The Polisario leaders and torturers are again placed in the dock for the abuses and serious human rights violations they committed in the Tindouf camps.
Sahrawi civil society activists last Sunday seized the opportunity of a visit to Laayoune of a delegation of the Working Group on Arbitrary Detention (WGAD) to denounce the abuses and violations inflicted on the populations sequestered by the militias of Mohamed Abdelaziz, the Polisario chief.
The delegation, led by WGAD chairman, El Hadji Malick Sow, is visiting Morocco this December at the invitation of the Moroccan government.
The invitation is part of Morocco’s opening up and interaction with the mechanisms of the UN human rights system and also translates the Kingdom’s strategic and irreversible choice in the matter.
The visit is meant to be an opportunity for the UN experts to get informed on the various reforms initiated by Morocco in the fields of justice, human rights and arbitrary detention.
After a series of meetings with officials, politicians and civil society activists in Rabat, the WGAD experts visited Laayoune for similar meetings with the local civil society militants.
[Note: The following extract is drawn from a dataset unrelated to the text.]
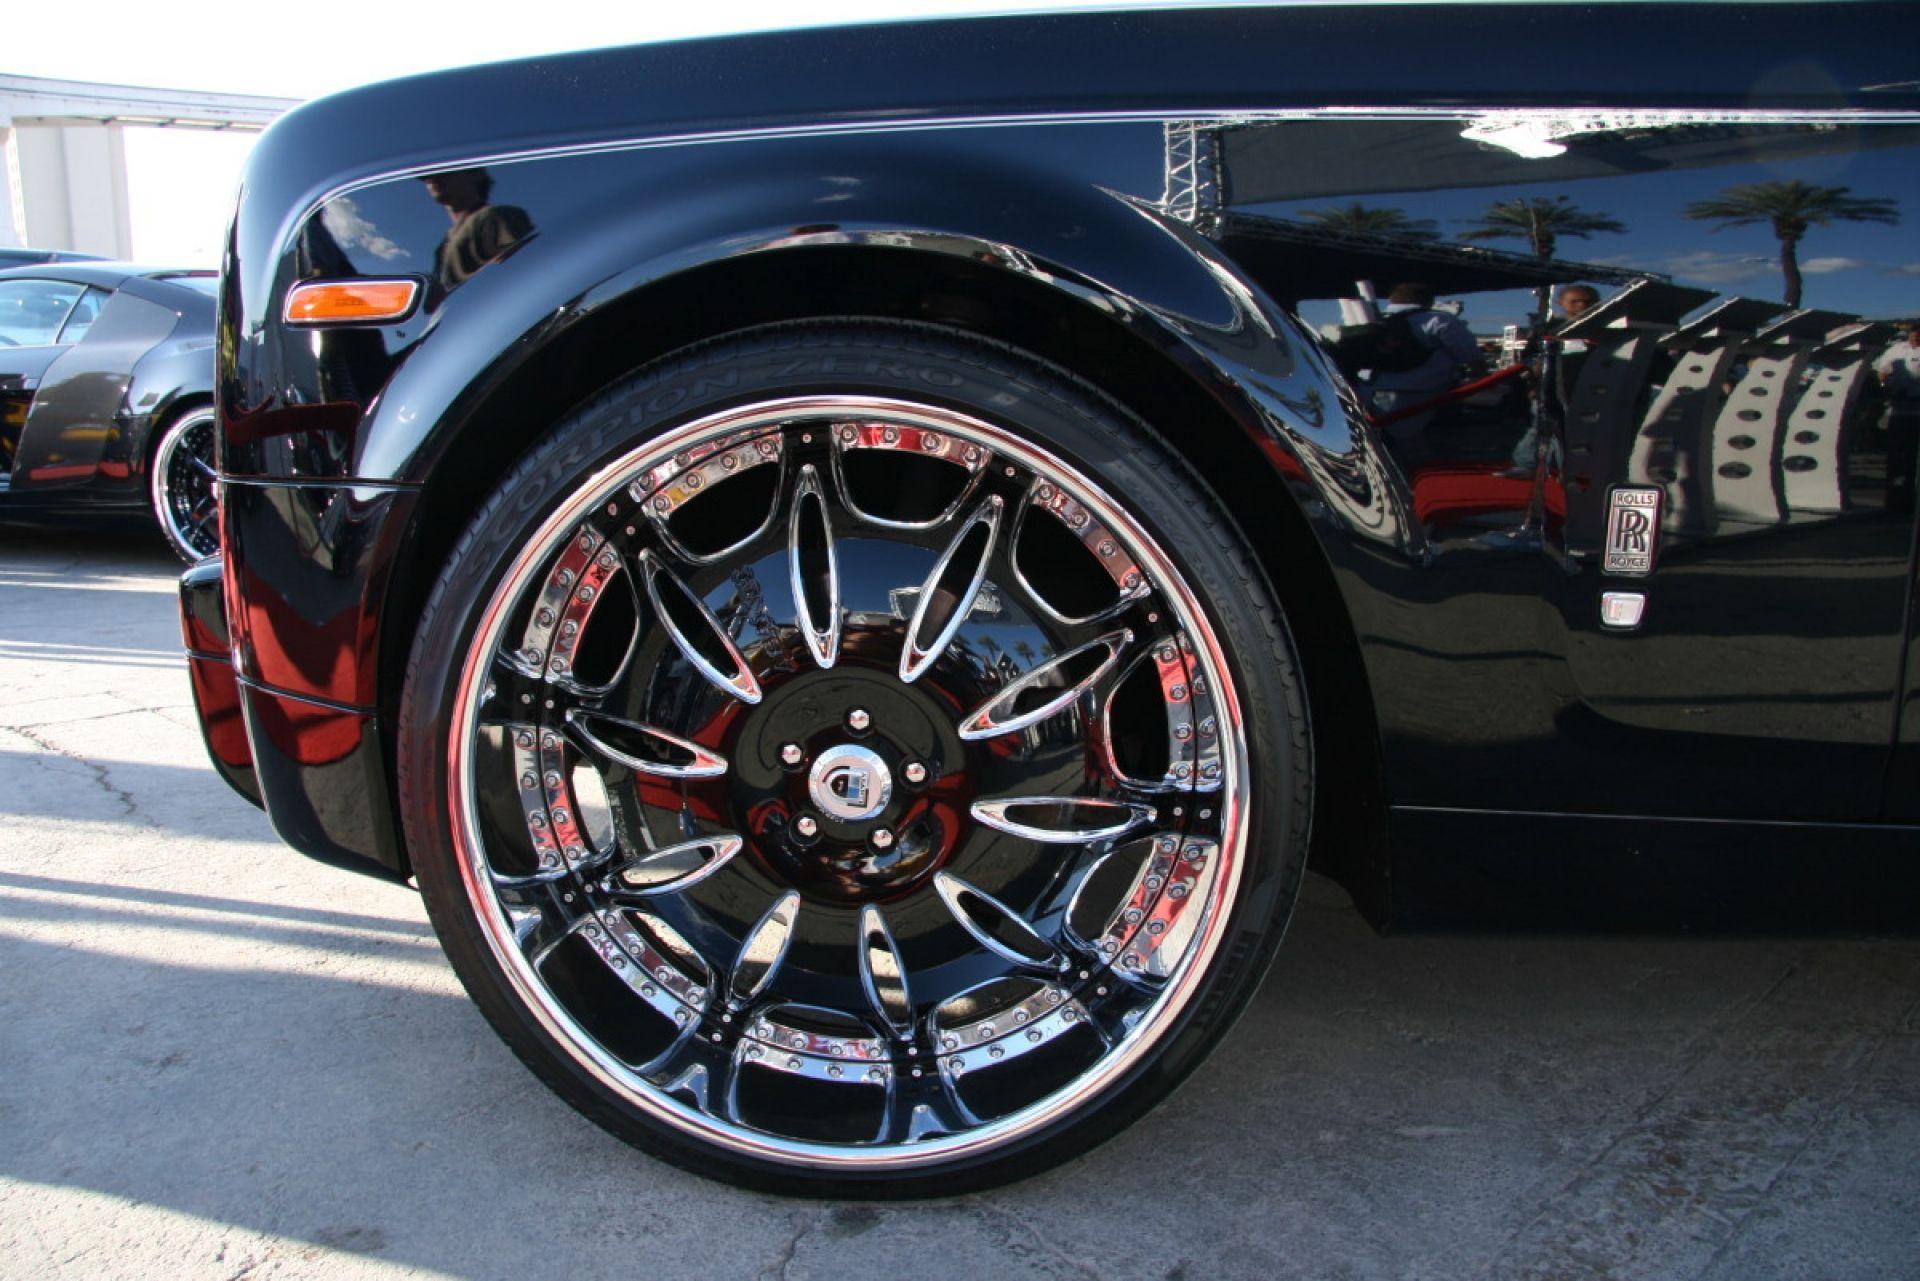 Black Jaguar XF On Asantis VS White Kleanfacer Whipz - Cool cars rims

These militants expressed to the UN experts their serious concerns regarding the precarious living conditions of the Moroccans forcibly held in the Tindouf camps on Algerian soil for almost 40 years.
They have also denounced the impunity enjoyed by the Polisario leaders in the absence of appropriate mechanisms likely to enable international human rights NGO to investigate the crimes committed in this land of lawlessness.
The Polisario torturers continue to “commit all forms of torture” against the sequestered population, subjected to “daily humiliation and repression” in the camps of shame, said the president of the Association of missing people at the hands of the Polisario, Dahi Akai.
Dahi Akai, who had himself been imprisoned in the Polisario jails, asked WGAD to endeavour to help elucidate the fate of the missing and lift the blockade imposed on thousands of Sahrawis so that they can return freely to Morocco, their homeland.